— Work order —
Copy every entry verbatim and skip the pictures.
=== Entries shown ===
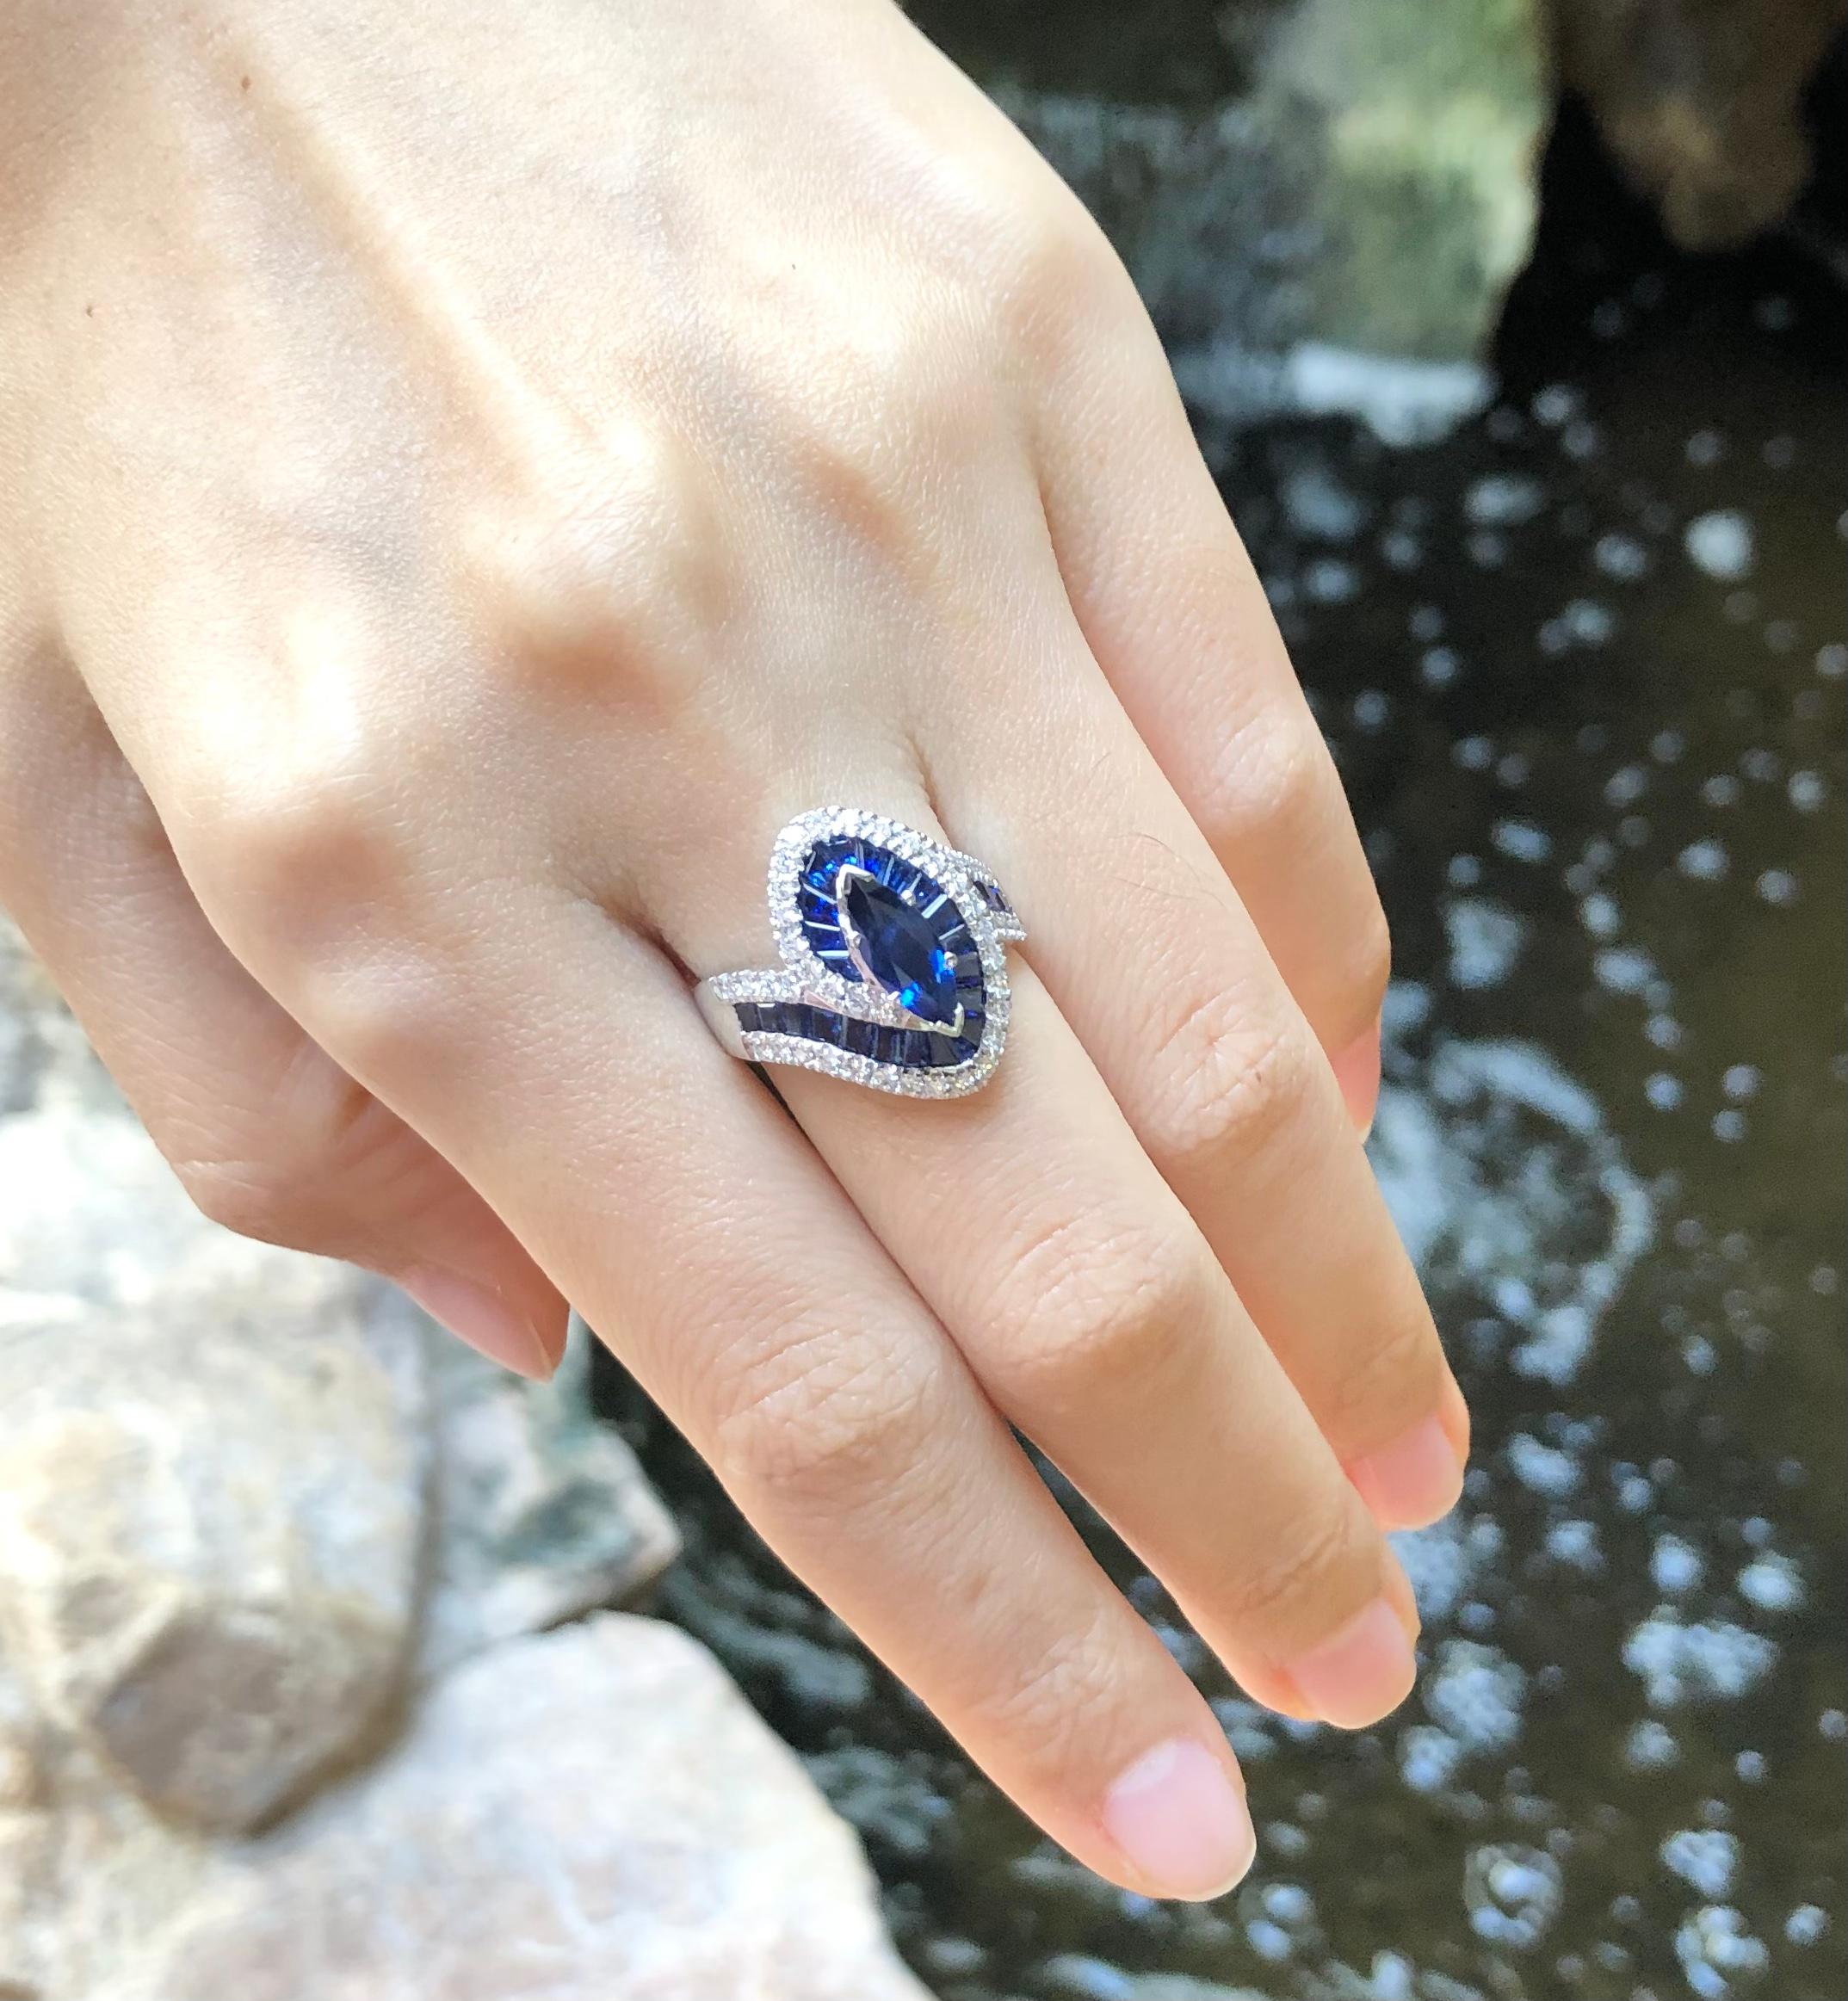 Blue Sapphire 1.01 carats, Blue Sapphire 2.23 carats and Diamond 0.51 carat Ring set in 18 Karat White Gold Settings

Width:  2.0 cm 
Length: 1.9 cm
Ring Size: 52
Total Weight: 7.99 grams

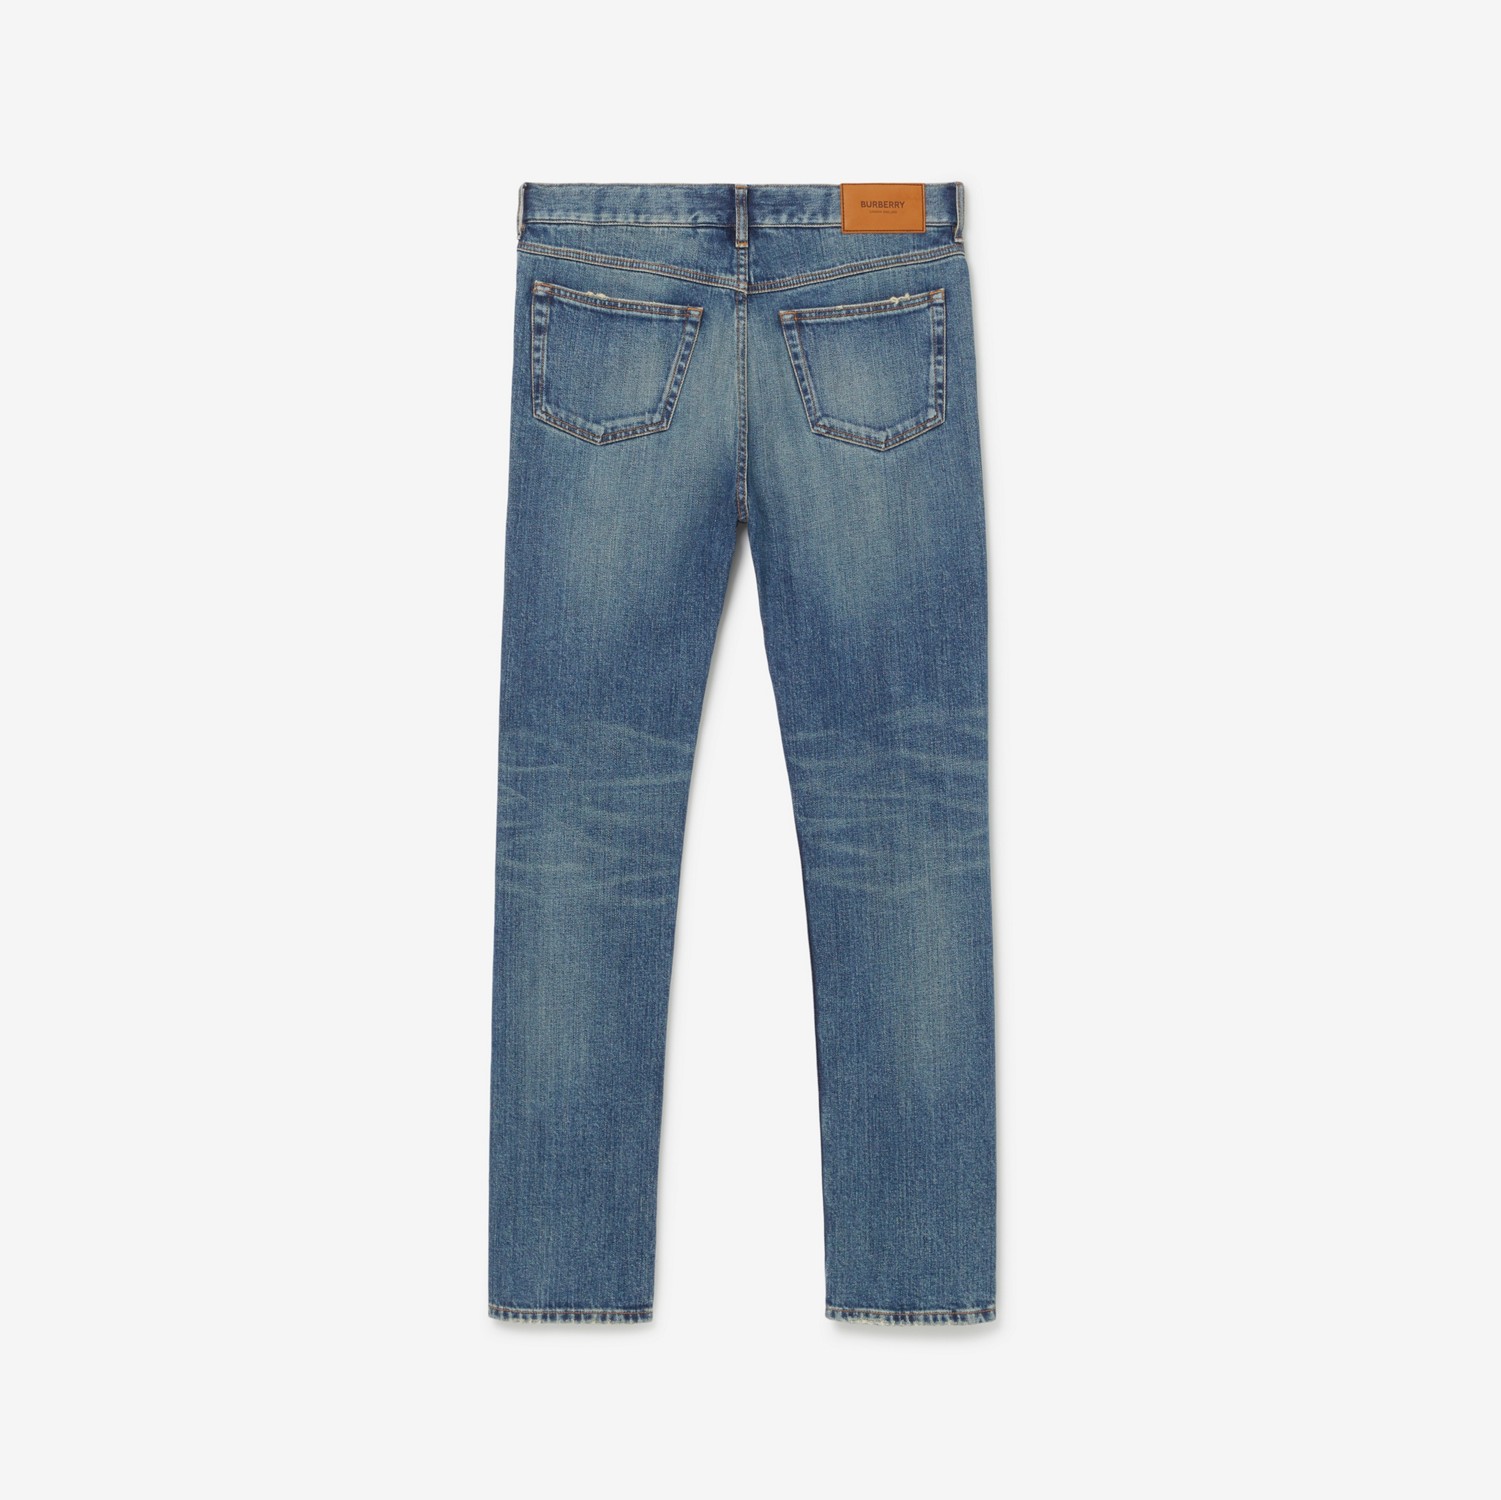 Jeans aus japanischem Stretchdenim in schmaler Passform (Vintage Denim) - Herren | Burberry®
===
— Exercise answer —
 Blue Sapphire 1.01 carats, Blue Sapphire 2.23 carats and Diamond 0.51 carat Ring set in 18 Karat White Gold Settings

Width:  2.0 cm 
Length: 1.9 cm
Ring Size: 52
Total Weight: 7.99 grams

 Jeans aus japanischem Stretchdenim in schmaler Passform (Vintage Denim) - Herren | Burberry®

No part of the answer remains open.